On the other side of this coin are the Boomers and seniors who have signed up to participate as providers of rides. As people retire, they often have the desire to work but want to do it at their own pace and on their terms. Uber and Lyft provide exactly that, letting drivers work when they want to, without worrying about schedules, calling off or planning around special events. Driving like this can provide some quick and easy income for retired people that still want a flexible lifestyle!

Airbnb has been vilified in many cities for destroying the housing market and enabling renters to illegally sublet their apartments with ease. But, for homeowners in high-traffic areas, the service provides a way to make money from spare bedrooms or to rent out a home while on vacation. For seniors looking to downsize, it may make more sense for them to rent out their home on Airbnb instead of selling it — especially if the home is paid off. Do the math for yourself!
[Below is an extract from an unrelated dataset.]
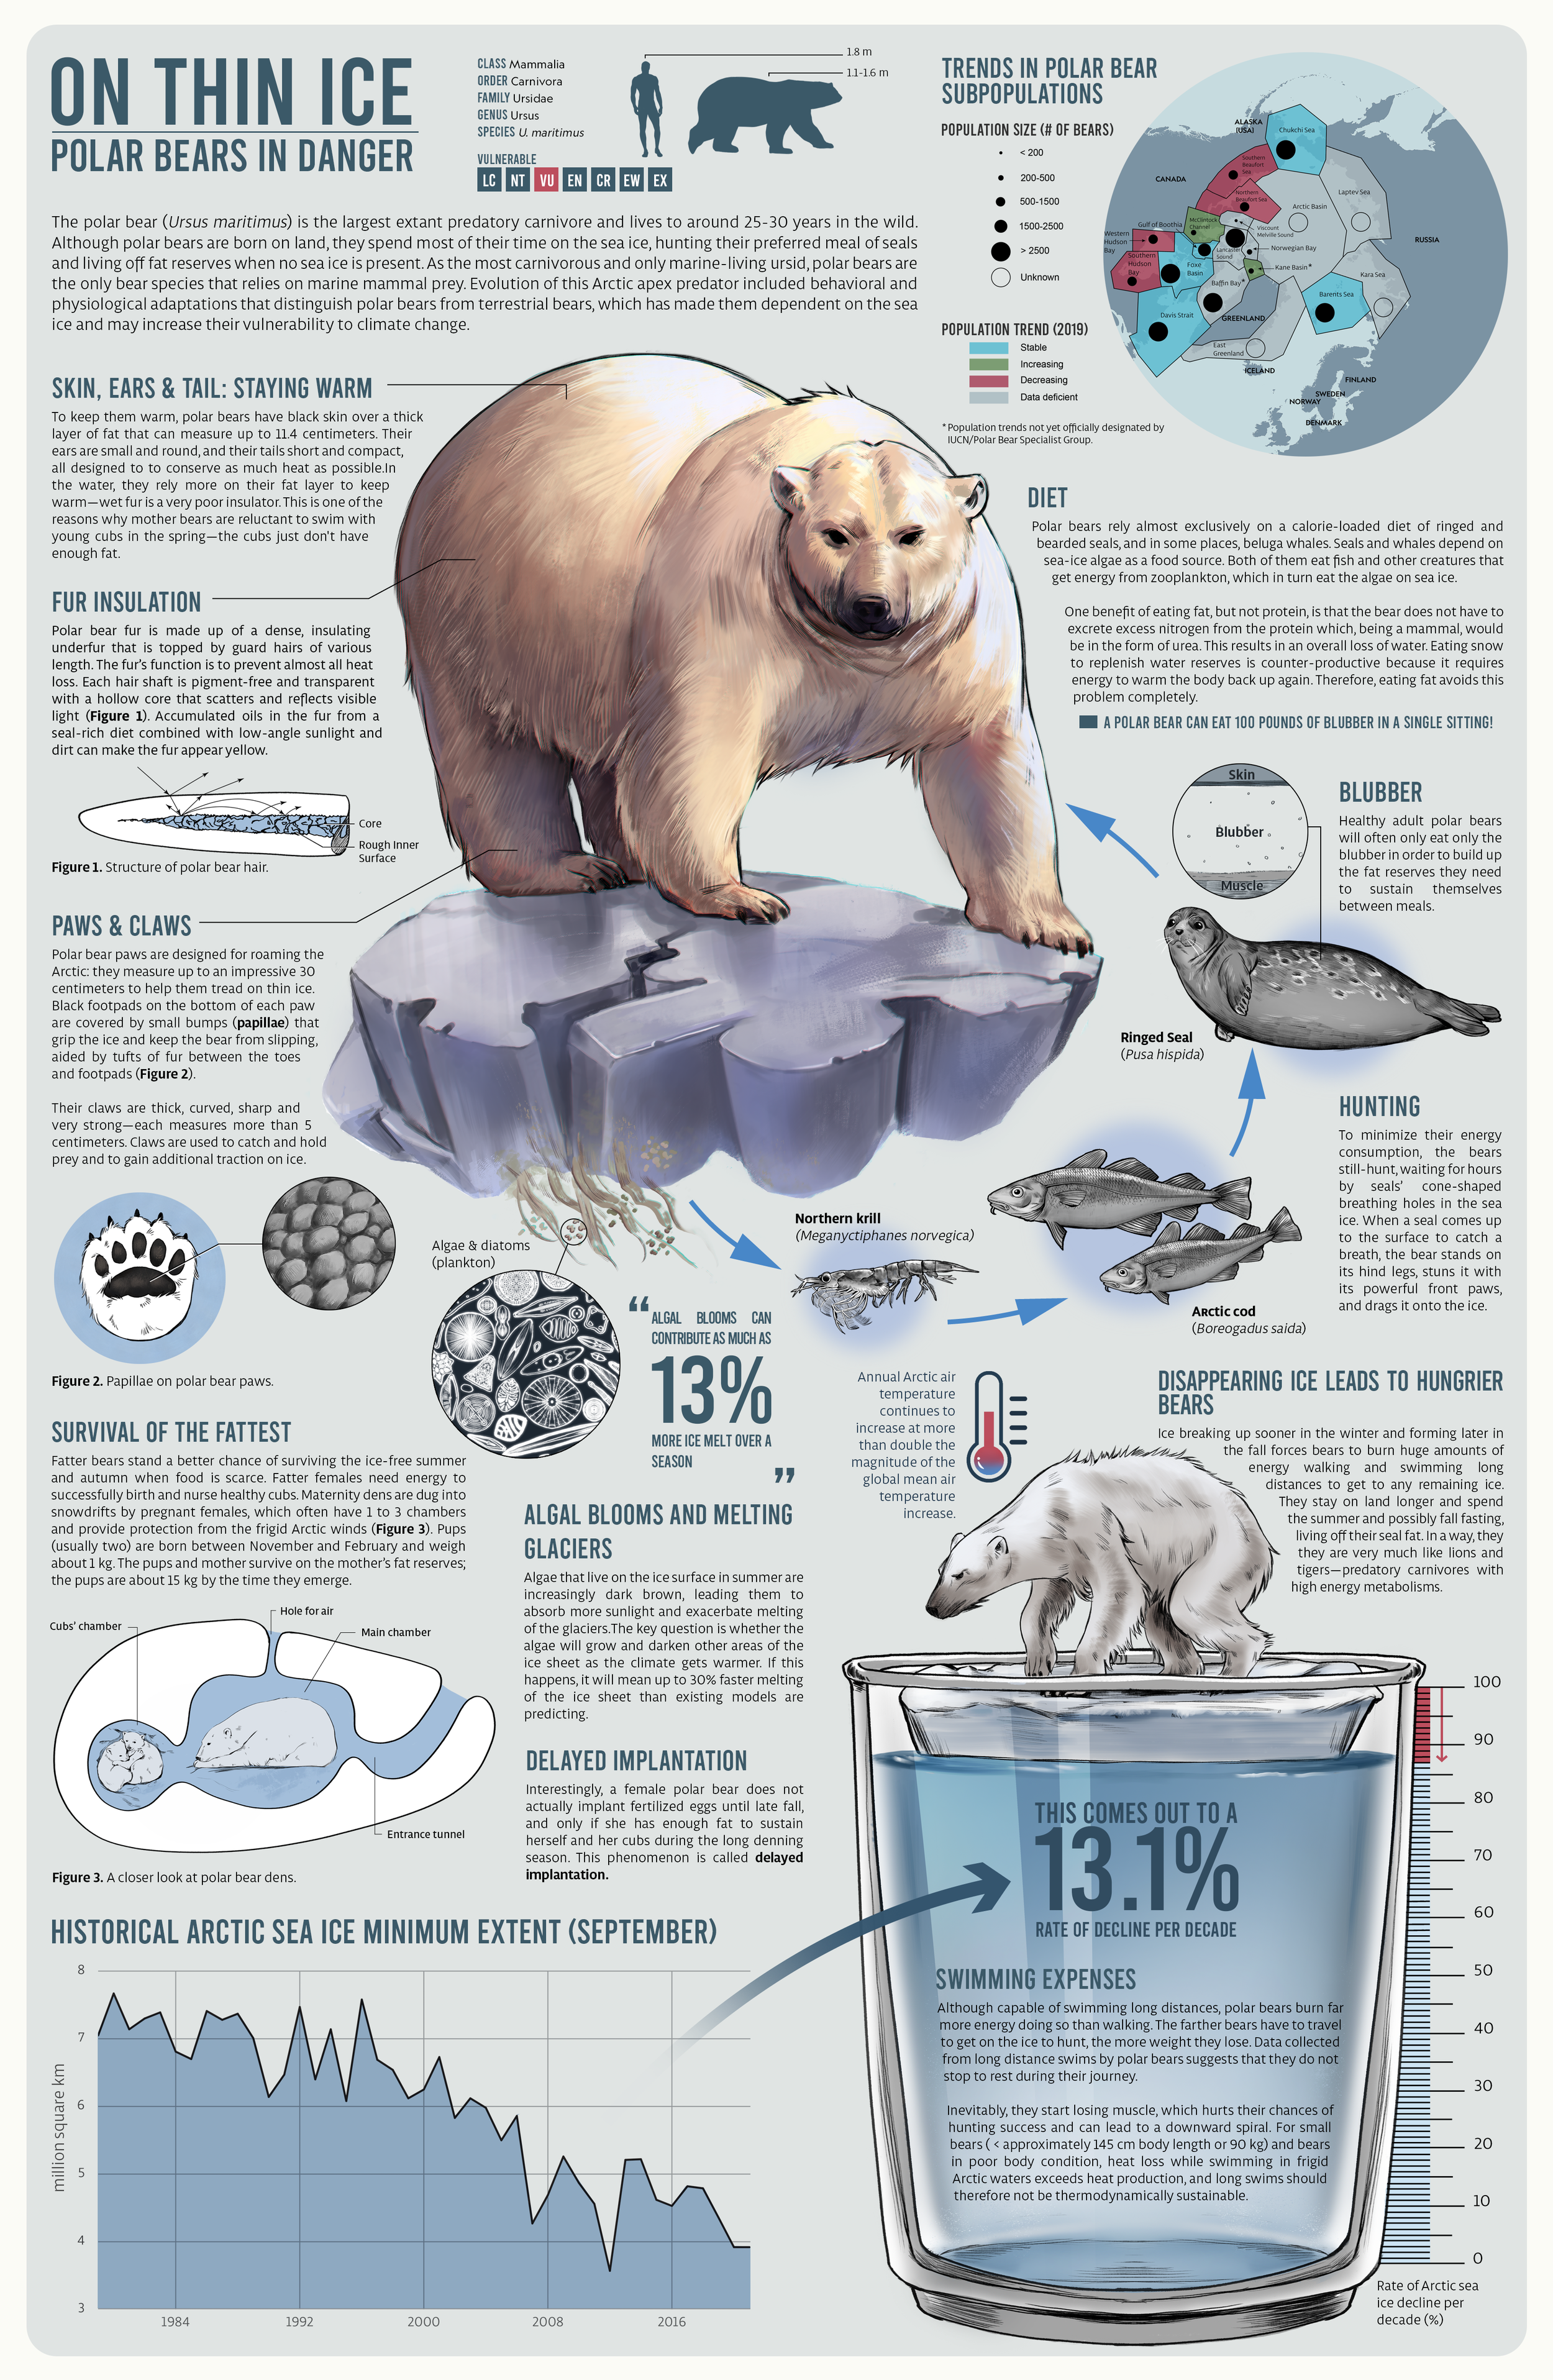 On thin ice: Infographic on threats to the polar bear population.

If you can rent your home for $100 a night for 10 nights a month, you’ve made $1,000, which can help pay rent on an apartment or cover a part of the service fee at a community. One estimate said that homeowners in the Los Angeles area can make the same amount of money by renting their home for 83 nights a year as one would make on a full-year lease agreement. While there are many considerations to this process, it could prove lucrative for Boomers and seniors who are homeowners.

Last on our list was Task Rabbit, which is probably the least well-known of the modern shared-economy apps. The service is incredibly versatile, offering “handymen” who can build pre-fabricated furniture, mount flat screen TVs or assist with myriad other projects. Again, this application can help retirees on both sides of the fence. Those looking to make a little money on the side can sign up on the app and only take the jobs they want, while those needing help are quickly connected to a reliable person. As with the other services, Task Rabbit offers a rating system and comes with a happiness guarantee, ensuring that the workmanship is backed up by the pledge. 

The sharing economy is drastically changing the way individuals connect and find services that fill their needs. This shift isn’t just occurring among the young, who pioneered the product, but in people who are finding ways to adapt these innovations to their everyday needs.

1 comment about "Boomers And The Sharing Economy".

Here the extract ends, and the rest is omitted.